■ Task directions:
Out of the material that follows, write out exactly the lines from the line with "Capresso warranty H2O" to the line with "Прибор для приготовления", both ends included, and no others.

■ Data provided:
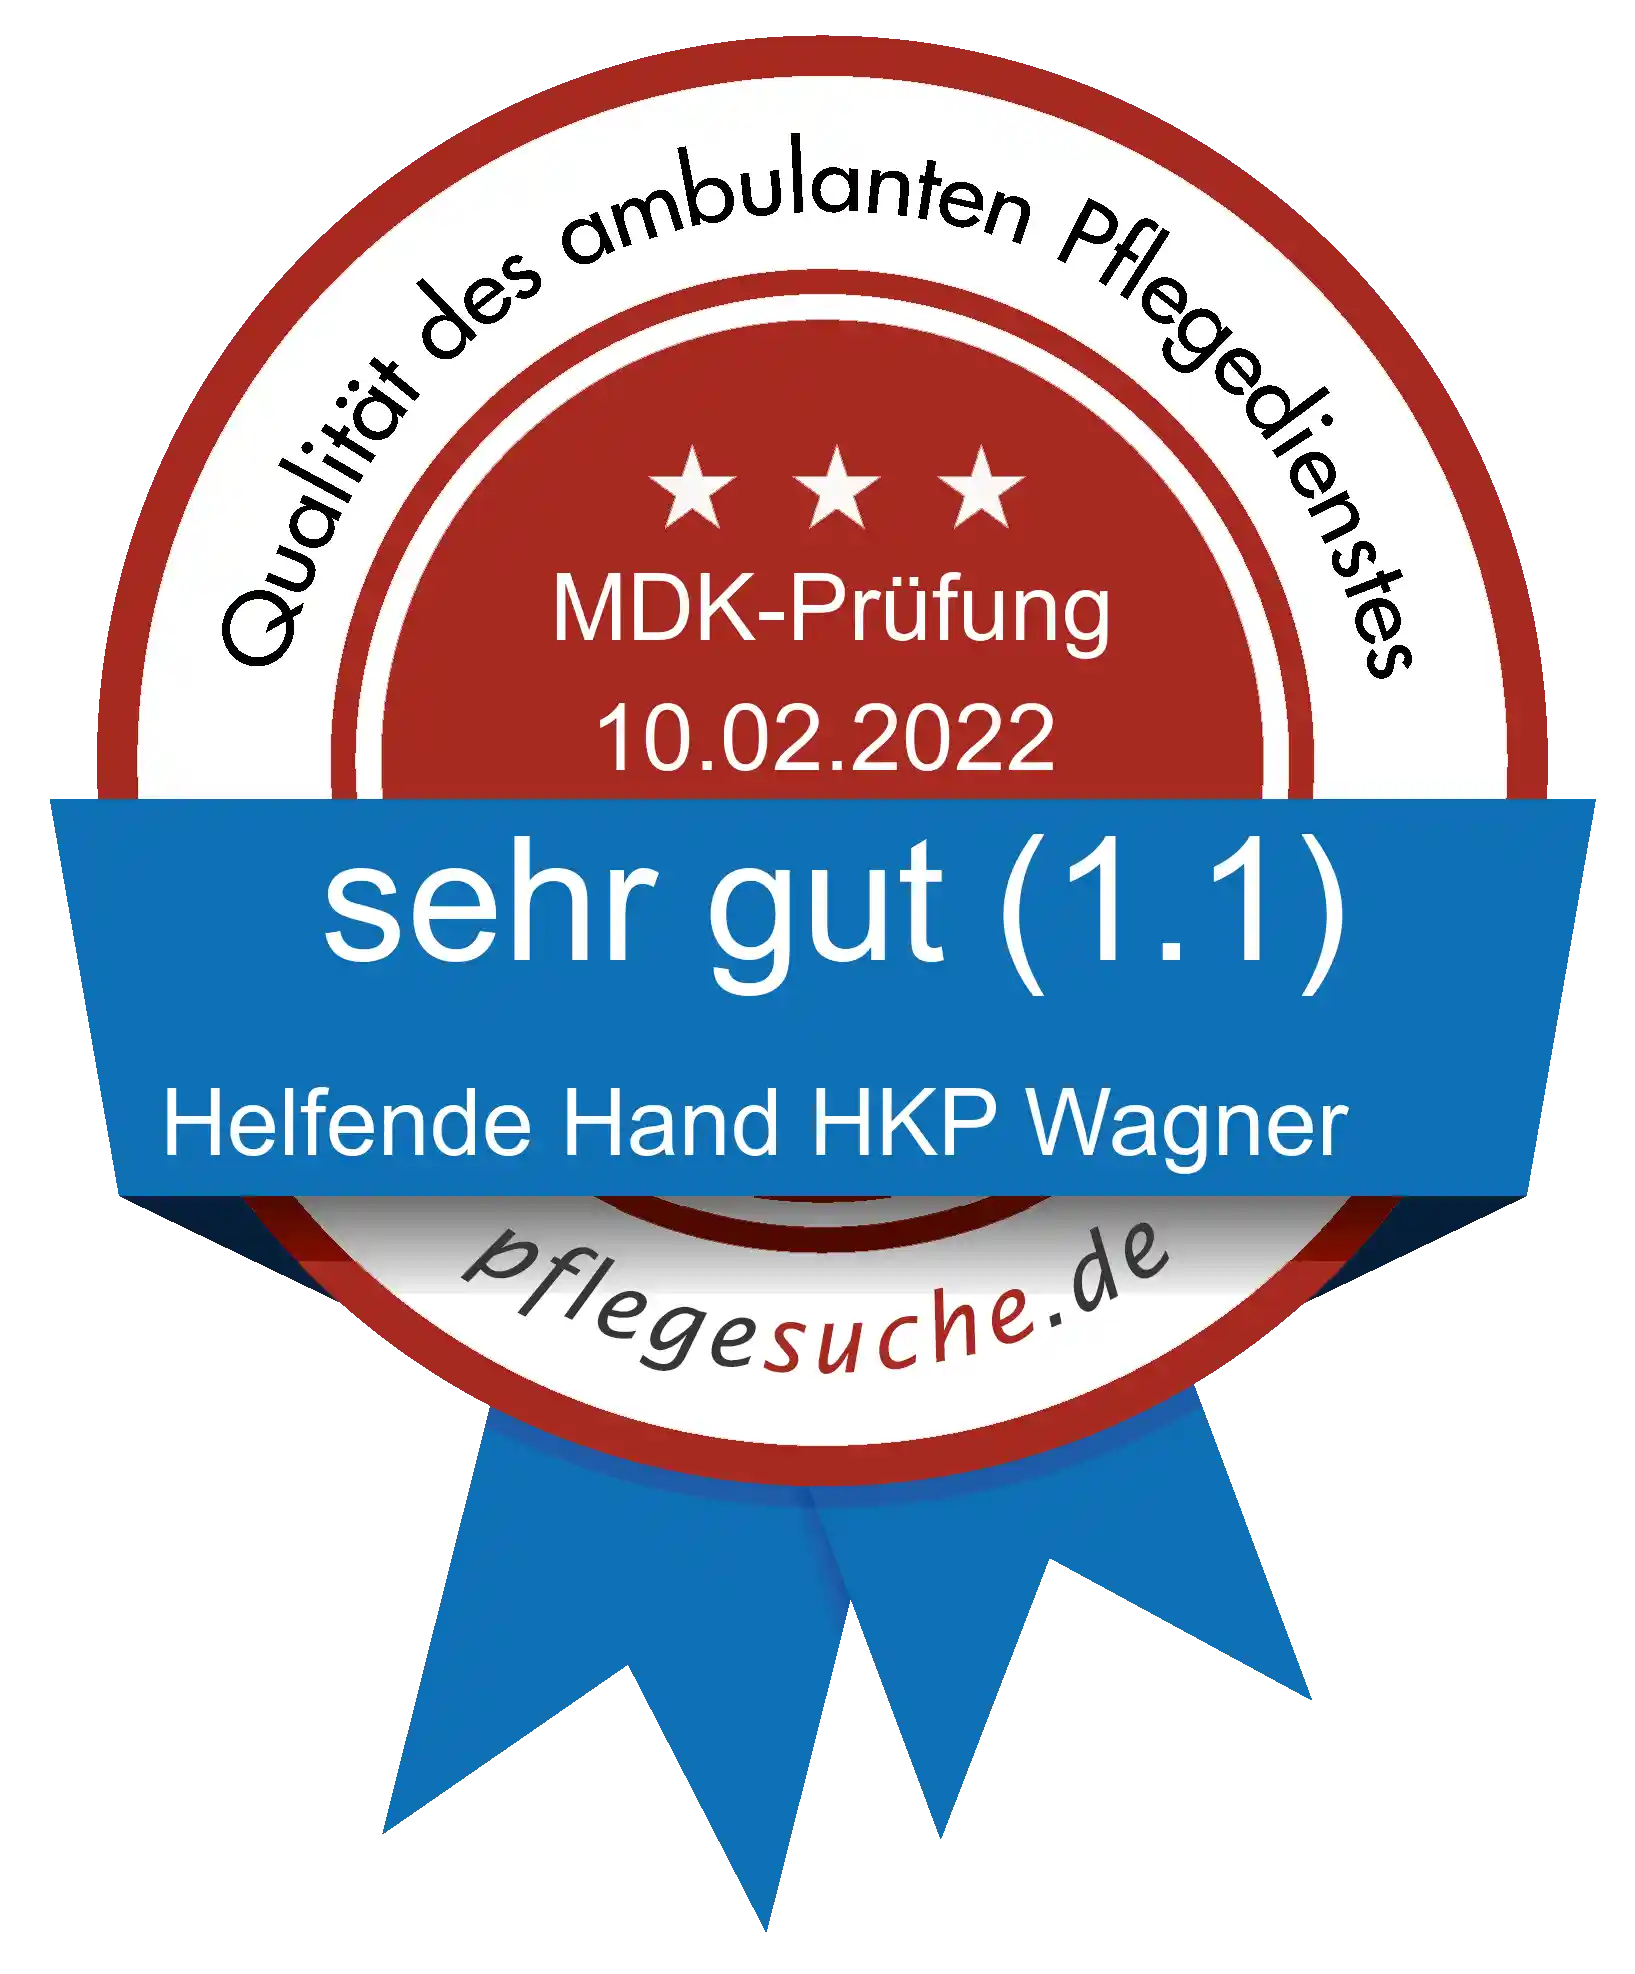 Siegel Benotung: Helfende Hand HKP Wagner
...
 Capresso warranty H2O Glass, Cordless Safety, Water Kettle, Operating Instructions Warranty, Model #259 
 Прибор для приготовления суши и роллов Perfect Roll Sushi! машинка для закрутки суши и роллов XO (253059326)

■ The answer:
 Capresso warranty H2O Glass, Cordless Safety, Water Kettle, Operating Instructions Warranty, Model #259 
 Прибор для приготовления суши и роллов Perfect Roll Sushi! машинка для закрутки суши и роллов XO (253059326)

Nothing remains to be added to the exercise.